Wednesday, December 29, 2010

Cannibalism as a Survival Strategy

This is the first part of three: three too many for some. 

My intention here is to indicate not only the prevelance of cannibalism from a historical perspective, but also to show its limitations as a viable survivial strategy.

Cannibalism is formally referred to as anthropophagy.  It rears its head in many a post apocalyptic fiction such as the very famous  Soylent Green  in the 1970s, and more recently Cormac McCarthy’s The Road, even the Ubber Christian Warrior Rawls eludes to it.
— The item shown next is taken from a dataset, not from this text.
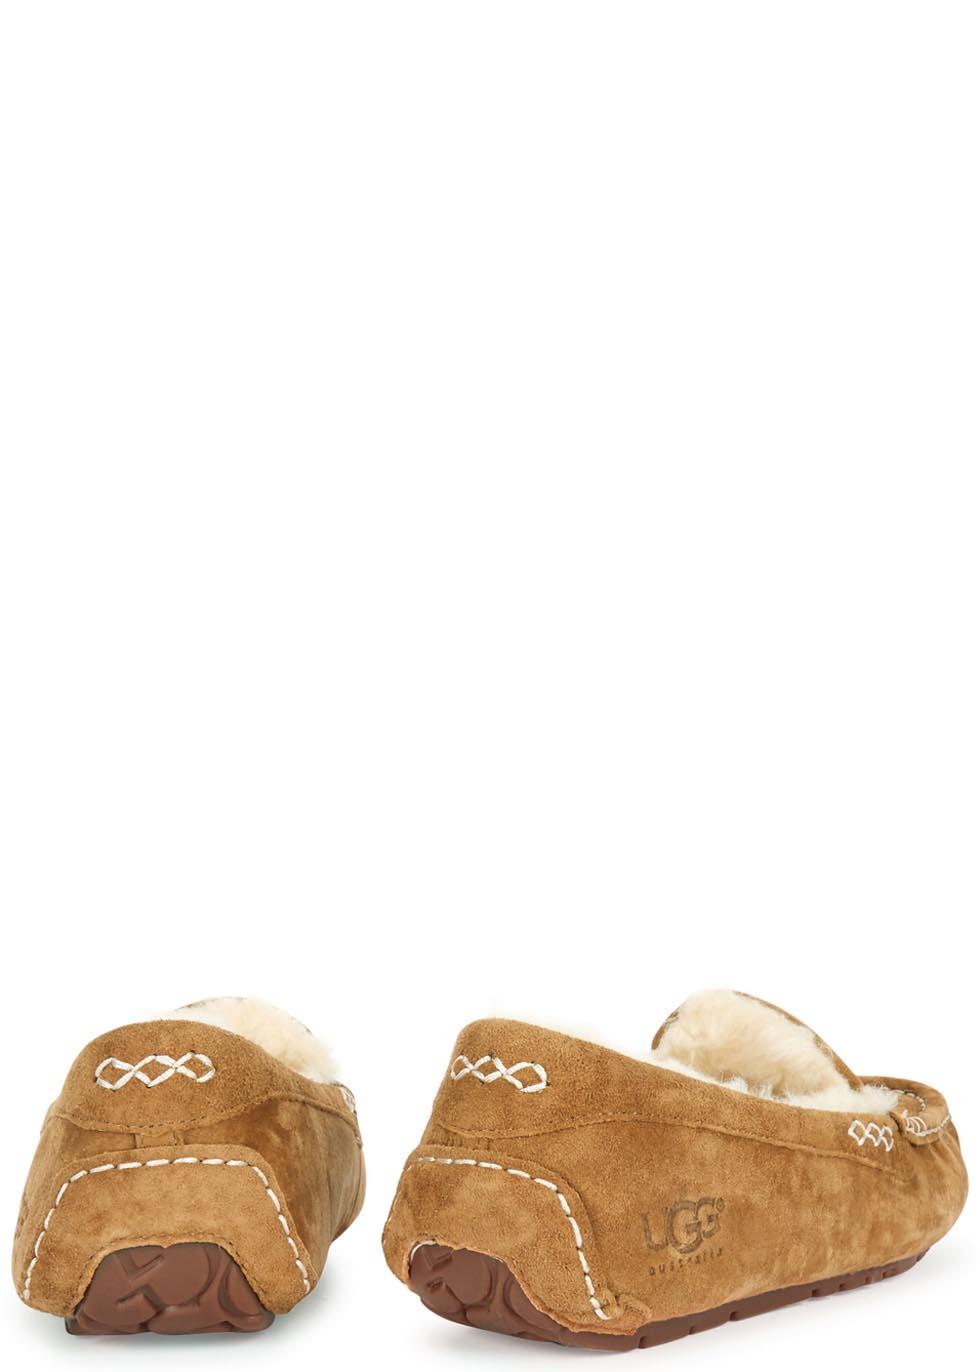 Ansley chestnut suede slippers - UGG

However, as a sustenance strategy it is a bit dubious.  You would quickly run out of people if it was your major source of protean.  There have been arguments that the Aztecs used it as a way for their elites gain easy access to the required animal protean.   IMO the argument that the Aztecs rulers were a twisted bunch is a more plausible one.

Within the animal kingdom, Laurel Fox in Cannibalism in Natural Populations 1975, found 48 species of herbivores, and 89 species of predators normally engaged in this behavior.  Motivation includes food shortages, population stress, the availability of vulnerable victims, and the elimination of competitors.  Cannibalism has been observed in four species of non-human primates, and in apes it has been seen in both gorillas and chimpanzees.  It is particularly common in chimpanzees with the most common victim being the children of other males.


There is strong evidence in early hominids going back 700,000 years ago of tool cut human bones intermixed with other animal bones, and 100,000 year old Neanderthal remains have been found mixed in with other butchered animal bones.
Recent example from non-literate (prehistoric) are uncommon, but none-the-less practiced in a diversity of times and locations.  The most famous case being that of the American Southwest Hopi.

Cannibalism is not seen pervasively in the historical records, but it is not that hard to find either.   The biggest problem I have with this post  is that there is too many examples to include all of them here.  Only very left leaning archeologists-who wanted to view the indigenous preliterate societies in an earth mother warm glow of fuzziness- would  argue the point.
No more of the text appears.